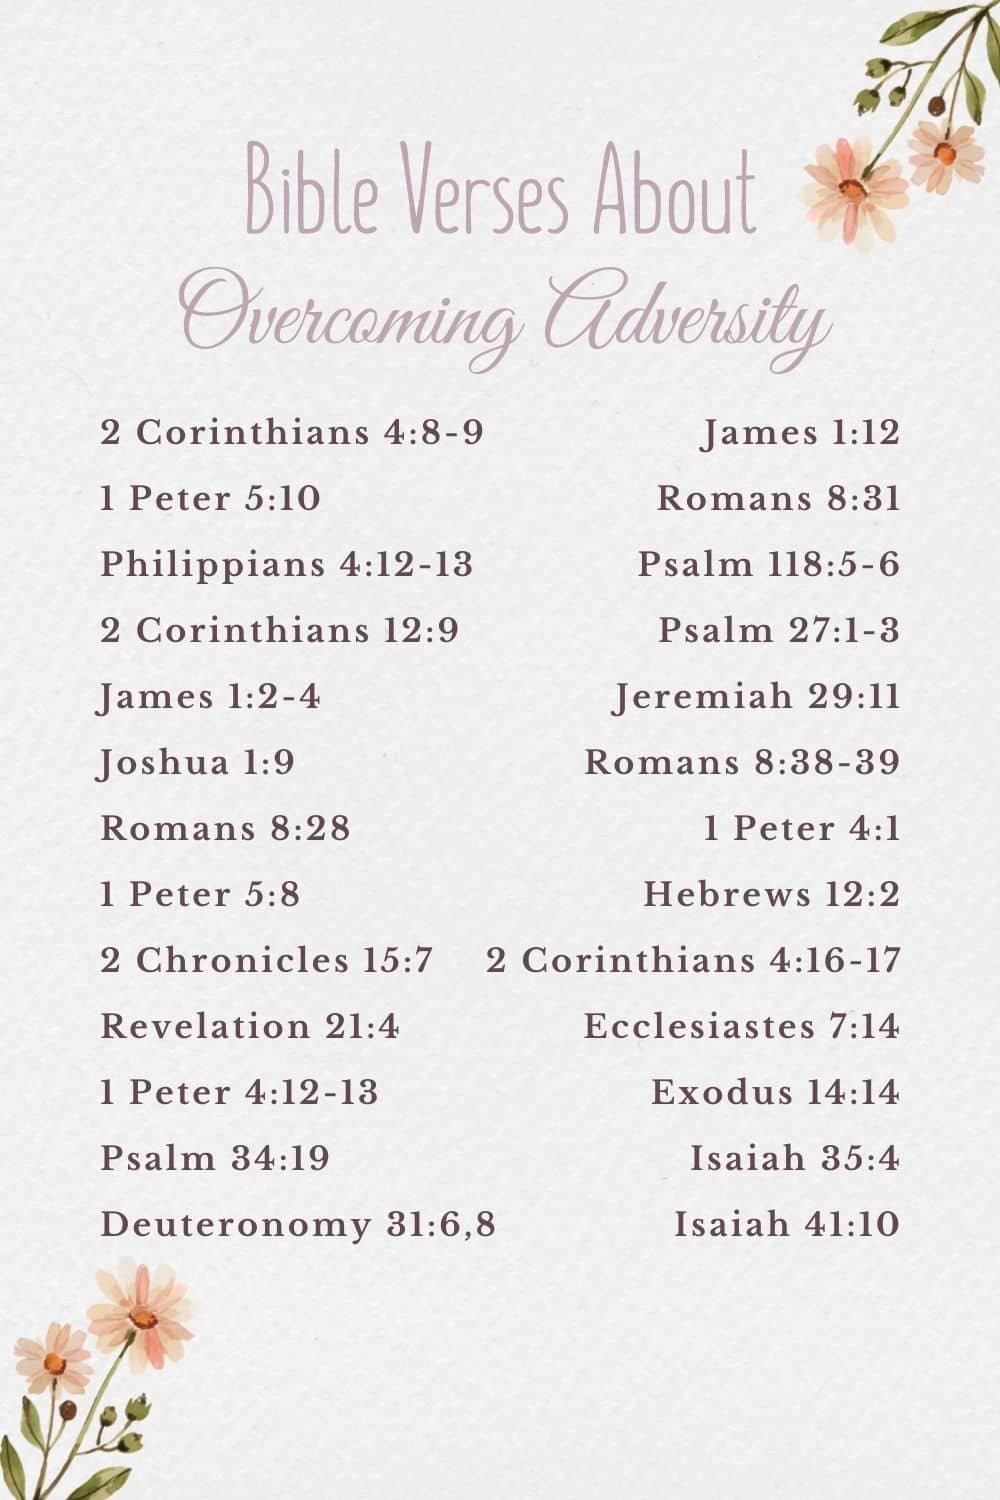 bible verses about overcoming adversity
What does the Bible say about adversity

___

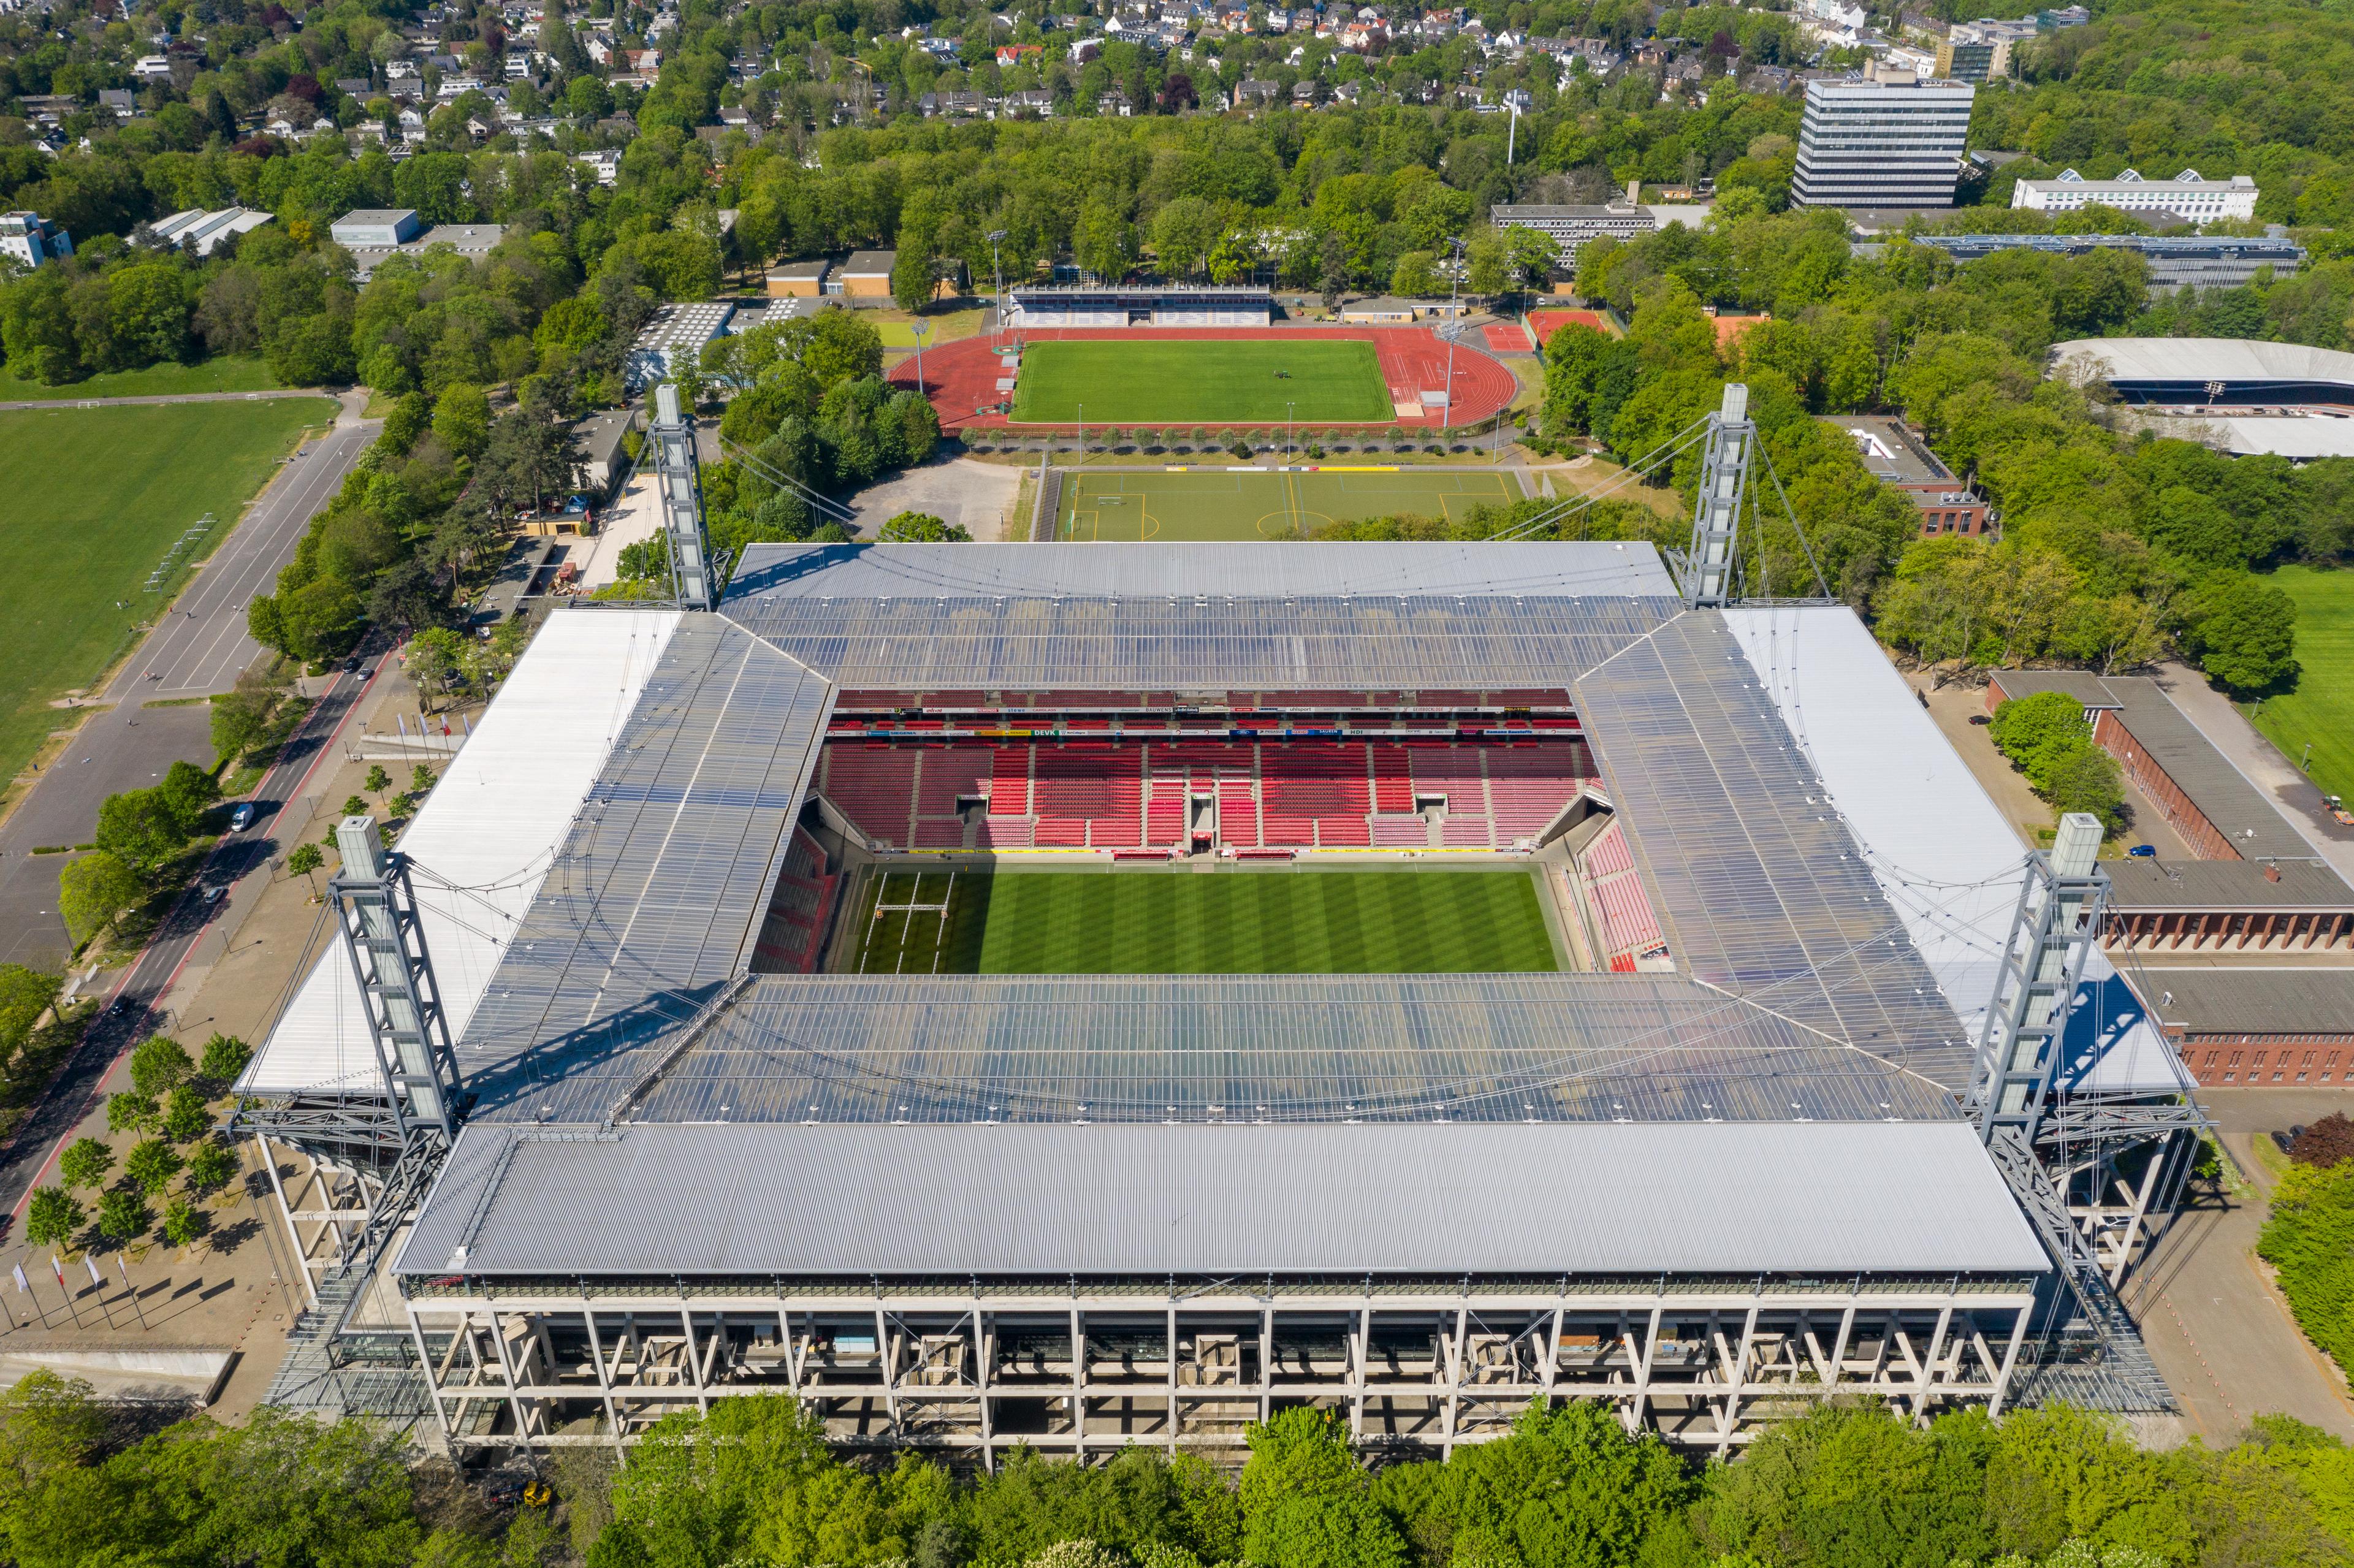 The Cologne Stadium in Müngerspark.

___

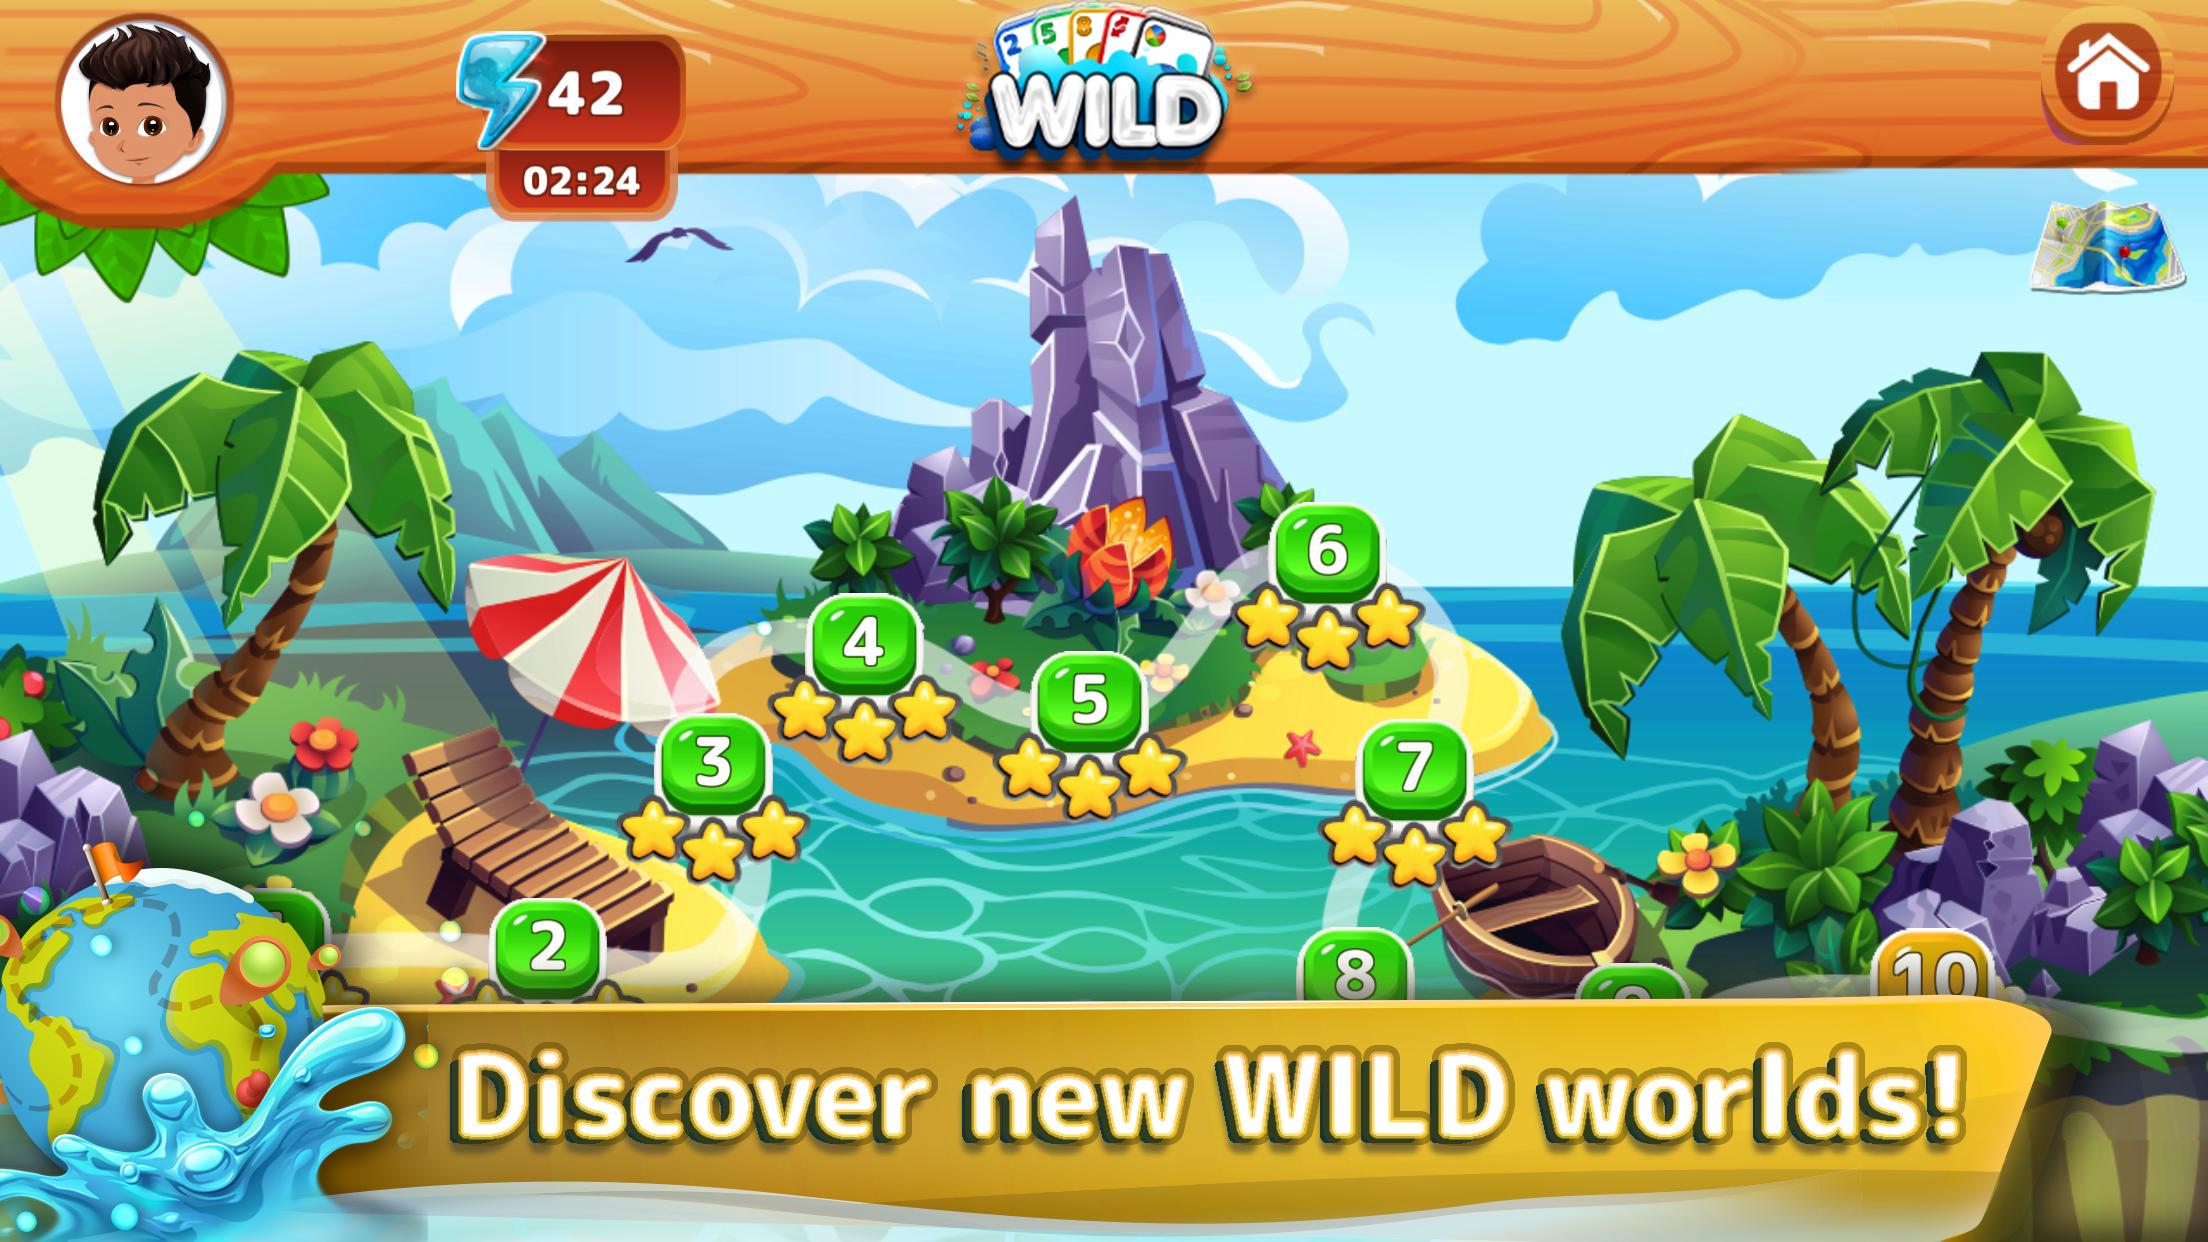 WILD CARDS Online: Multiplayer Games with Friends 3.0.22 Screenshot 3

___

## Problem to work on
What you need to produce is an exact copy of the entries above, limited to the lines from the one with "bible verses about overcoming adversity" up to and including the one with "What does the Bible say about adversity", without pictures.

## Output of the task
 bible verses about overcoming adversity
What does the Bible say about adversity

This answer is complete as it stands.